Interaction Between Versioning and Other Object Storage Features

This section describes some key things you need to know about the interaction between object versioning and other Object Storage features.

Copying Objects

If you copy the latest version of an object to a different bucket, only the object is copied. None of the object's previous versions are copied. You can copy a previous version of an object to another bucket, but that action creates either the latest version of a new object or a new object version in the destination bucket.

Retention Rules

You cannot add retention rules to a bucket that has versioning enabled.
You cannot enable versioning on a bucket with active retention rules.
You can add retention rules to bucket that has versioning suspended.

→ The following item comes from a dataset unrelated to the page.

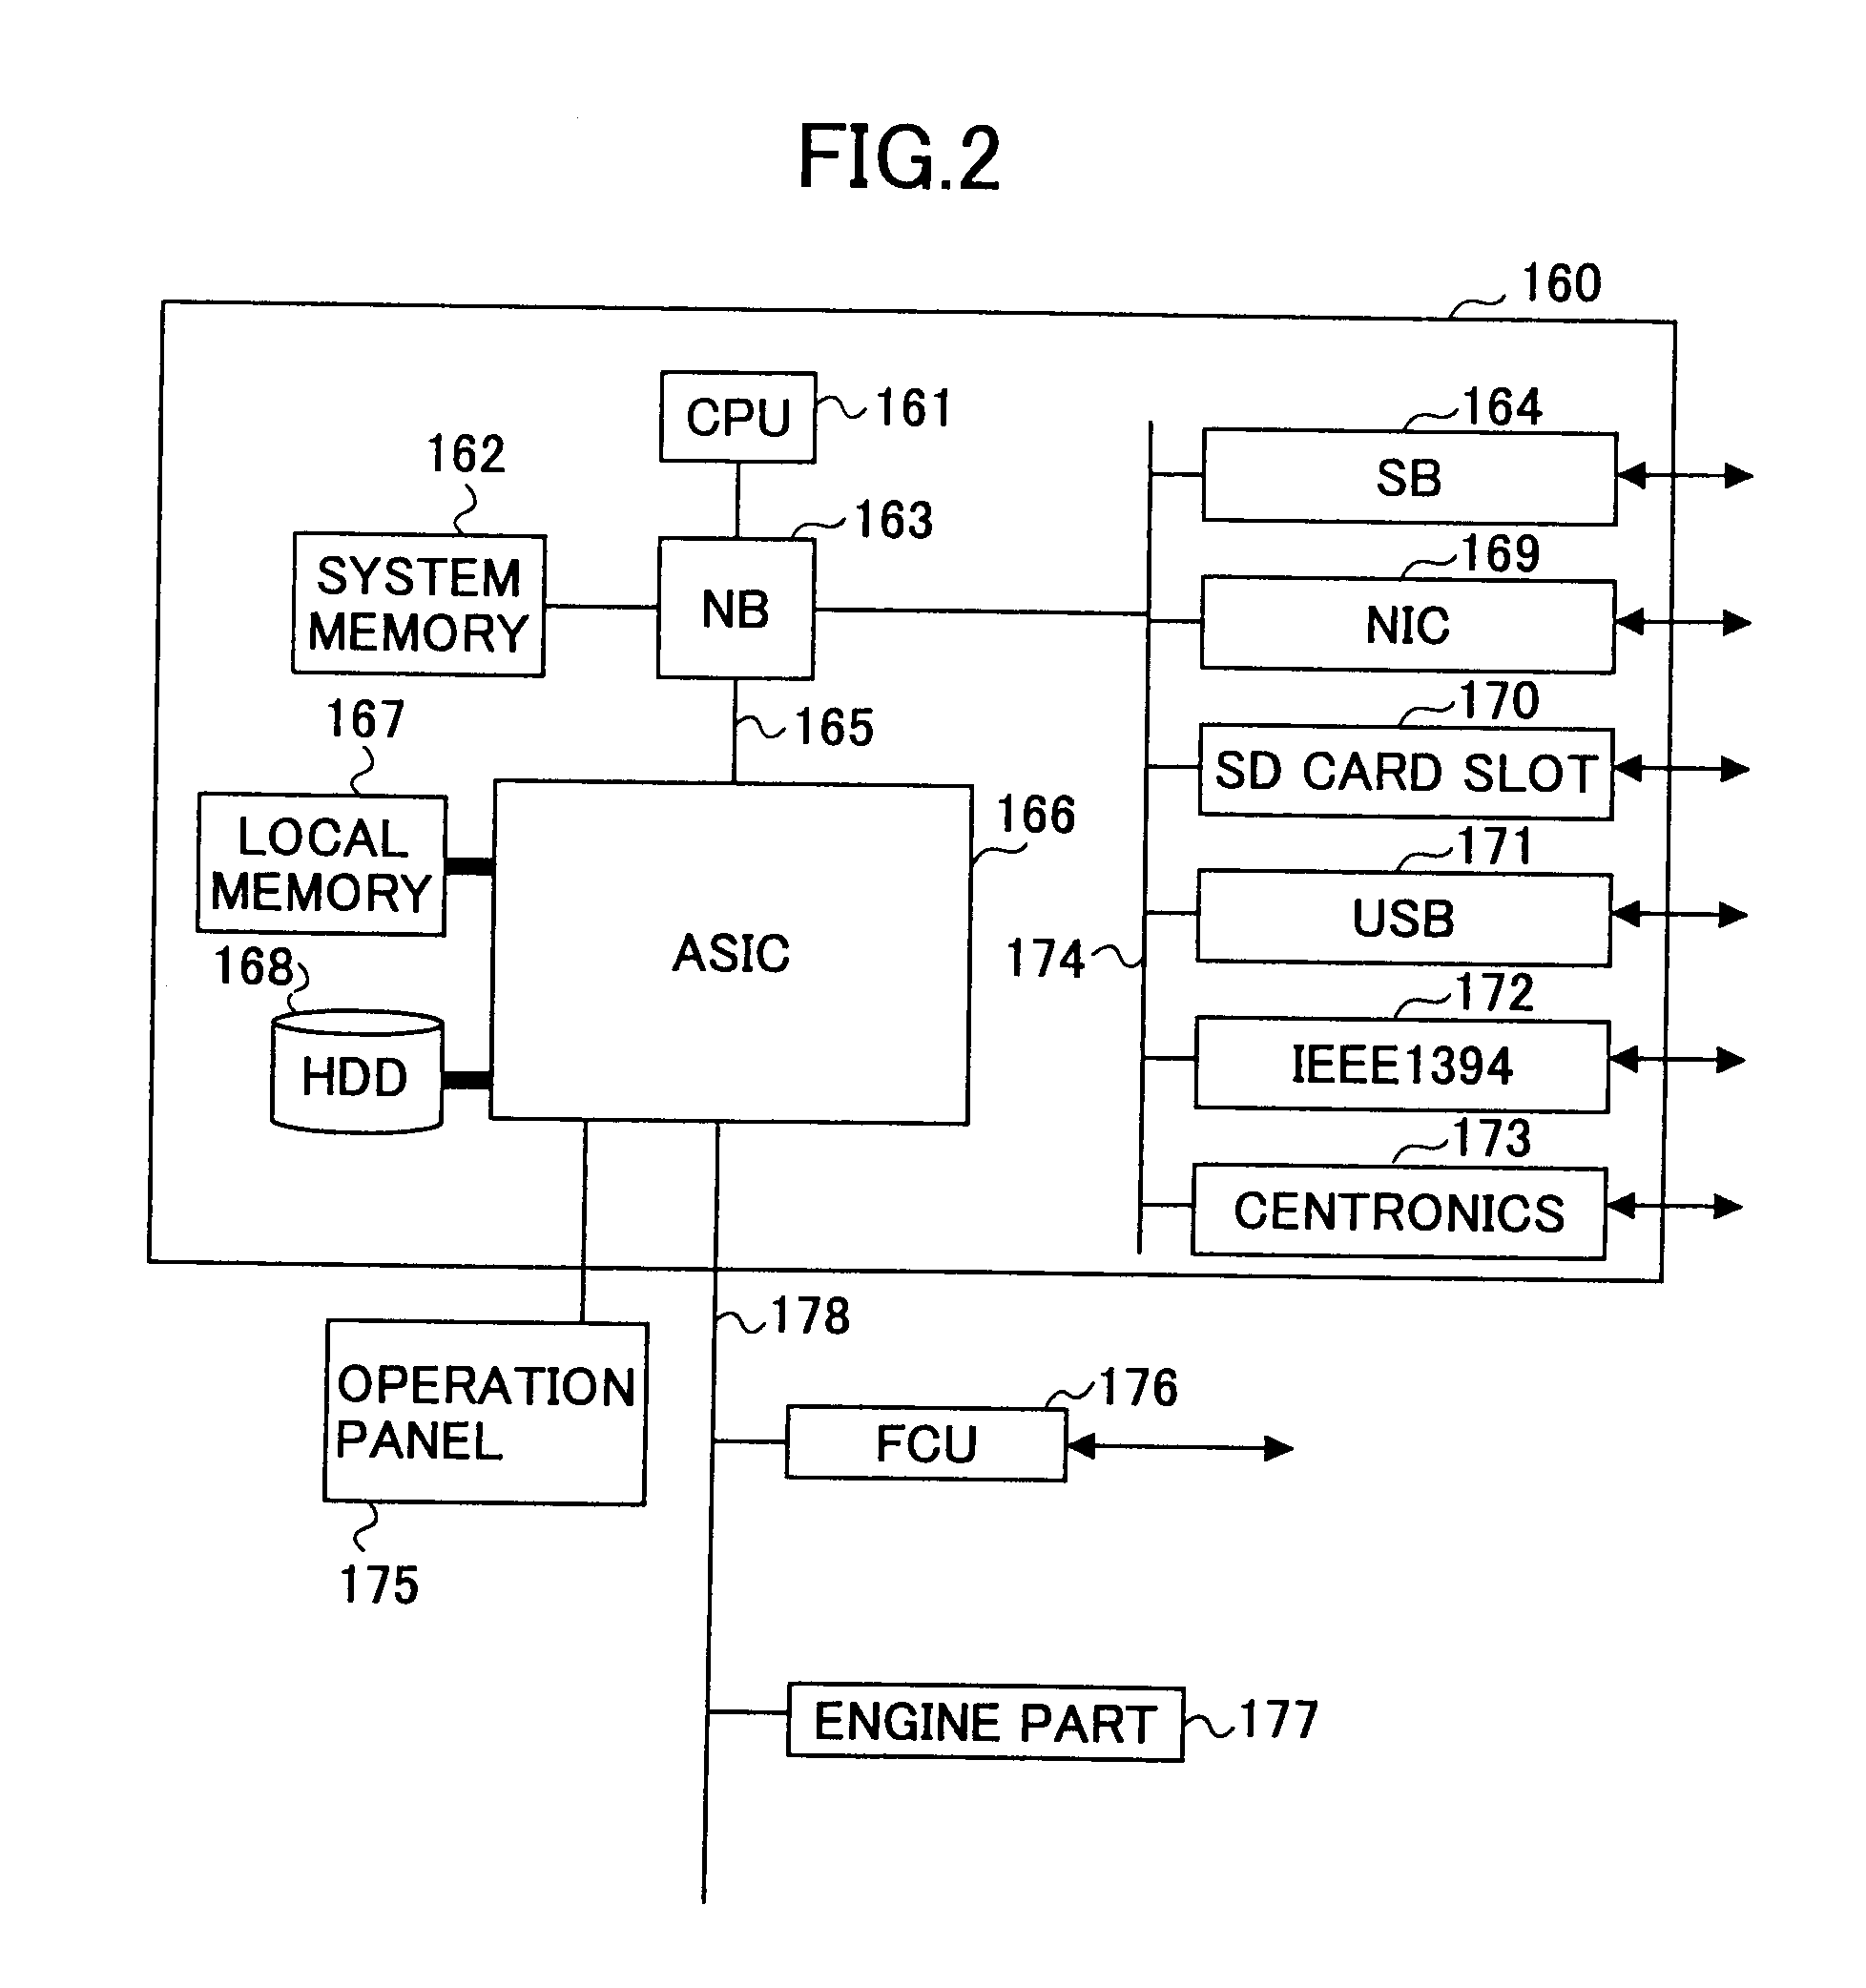 Image forming apparatus and methods used in the image forming apparatus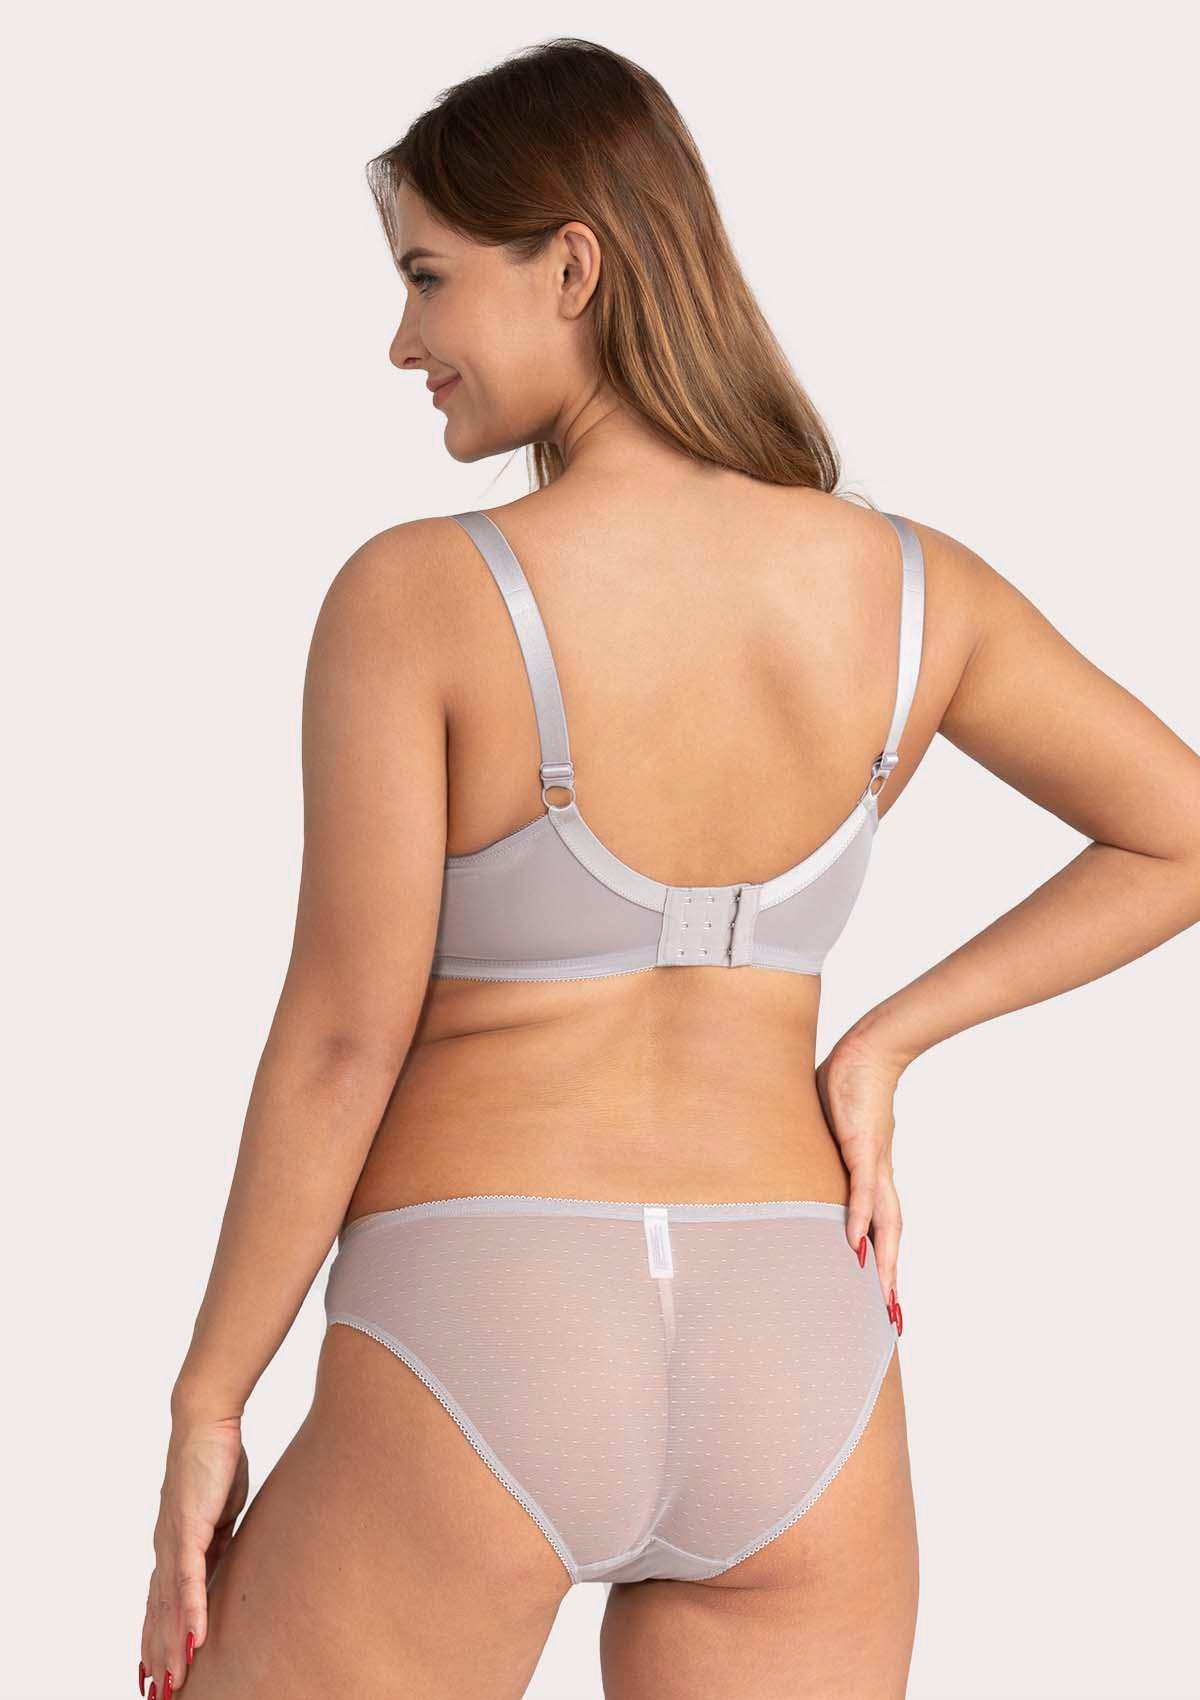 HSIA Enchante Lace Bra And Panties Set: Back Support Bra For Posture - Light Gray / 34 / D

However, you cannot resume versioning with active retention rules.

Troubleshooting Versioning

Unable to Enable Versioning

If enabling versioning fails, the most likely cause is missing or incomplete IAM permissions. Enabling versioning requires:

User permissions that let you use the bucket and manage the objects in that bucket.
Minimally, BUCKET_UPDATE permissions.

Unable to Delete a Bucket

If deleting a bucket fails, the most likely cause is that the bucket is not empty.

You can permanently delete an empty bucket. You cannot delete a bucket that contains any of the following:

Any objects
Previous versions of an object
A multipart upload in progress
A pre-authenticated request

Tip:

When you delete an object in a version-enabled bucket, a previous version of that object is created. Select Show Deleted Objects to display the object versions that might prevent you from deleting the bucket.

Unable to Delete a Previous Version

If deleting a previous object version fails, the most likely cause is missing or incomplete IAM permissions. Object version deletion requires:

User permissions that let you use the bucket and manage the objects in that bucket.
Minimally, OBJECT_VERSION_DELETE permissions.